Pfizer has been developing vaccines that helped prevent antimicrobial resistance for decades, such as its vaccine for preventing invasive disease and pneumonia caused by dozens of streptococcus pneumoniae bacteria that spread by airborne droplets or by direct contact with infected saliva or mucus. These bacteria can lead to severe infections and, in some cases, even death.
However, Anderson said the company’s conjugate vaccine against pneumococcal diseases “is the most complex biological product ever made.”
Three factors for developing a vaccine
According to Kena Swanson, vice president for viral vaccines in Pfizer’s Research & Development department, three factors need to be understood when developing a new vaccine.
“We are always trying to understand No. 1 the medical need, and No. 2 is a technical path forward. So, understanding the science, and for some of those diseases with antimicrobial resistance, understanding the right antigens representing that pathogen might elicit a protective immune response.
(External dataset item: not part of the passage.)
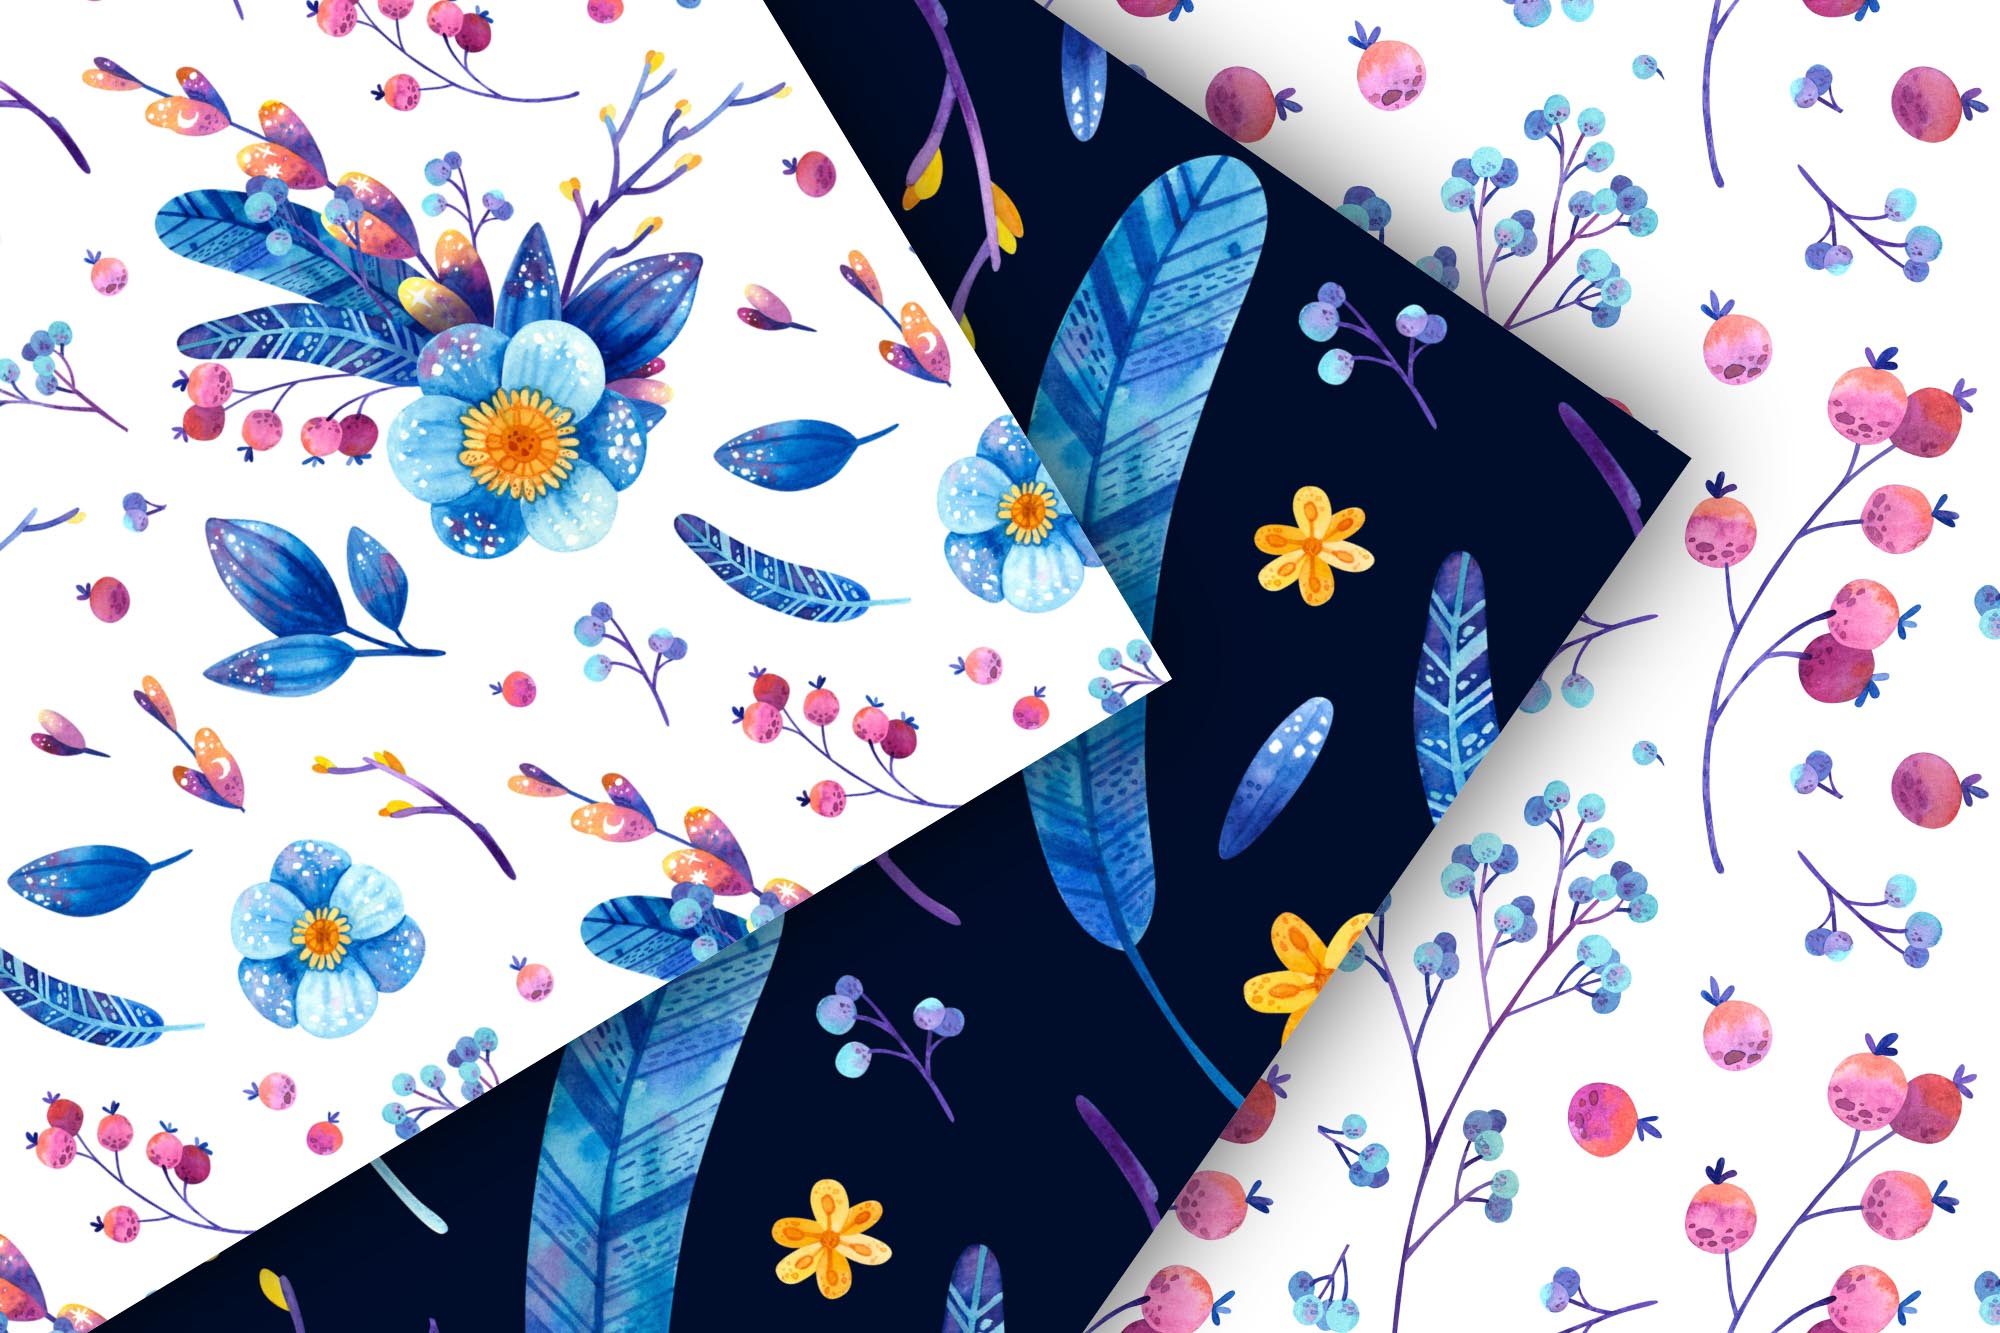 Blue flowers and berries patterns.

No. 3, is understanding the best way to present these antigens to the immune system,” she said.
In the case of SARS-CoV-2, scientists could characterize the antigen so that they could faithfully reproduce them in a way that they were presented naturally on the virus. However, doing this can be more challenging with bacterial protein antigens, Swanson said.
“We have a lot of understanding, but there is still more to be done,” she added, highlighting that there has been only one Phase I clinical trial for chlamydia, for example. In part, this is because the disease was genetically intractable for decades. As a result, it was only in the last 10 years that scientists have been able to tease out what genes are essential and critical for infection versus not to help further guide vaccine design.
“Even the thought of using mRNA as a molecule in a vaccine was not something that happened immediately. Instead, this process took thousands of scientists over many years to understand the mRNA piece, the lipid nanoparticle piece, and the antigen design piece,” Swanson stressed.
“These three important discoveries happened to be present at the right time when that virus emerged,” she added. “Difficult things take incremental discoveries over time that you hope will lead to that big ‘aha moment’ and something successful. That worked for COVID. With some of these other diseases and antimicrobial resistance, we need more time to have that understanding.”
On this note, Peer agreed: “We have a very valid proof of understanding,” he said. “Now we have to choose the right bacteria.”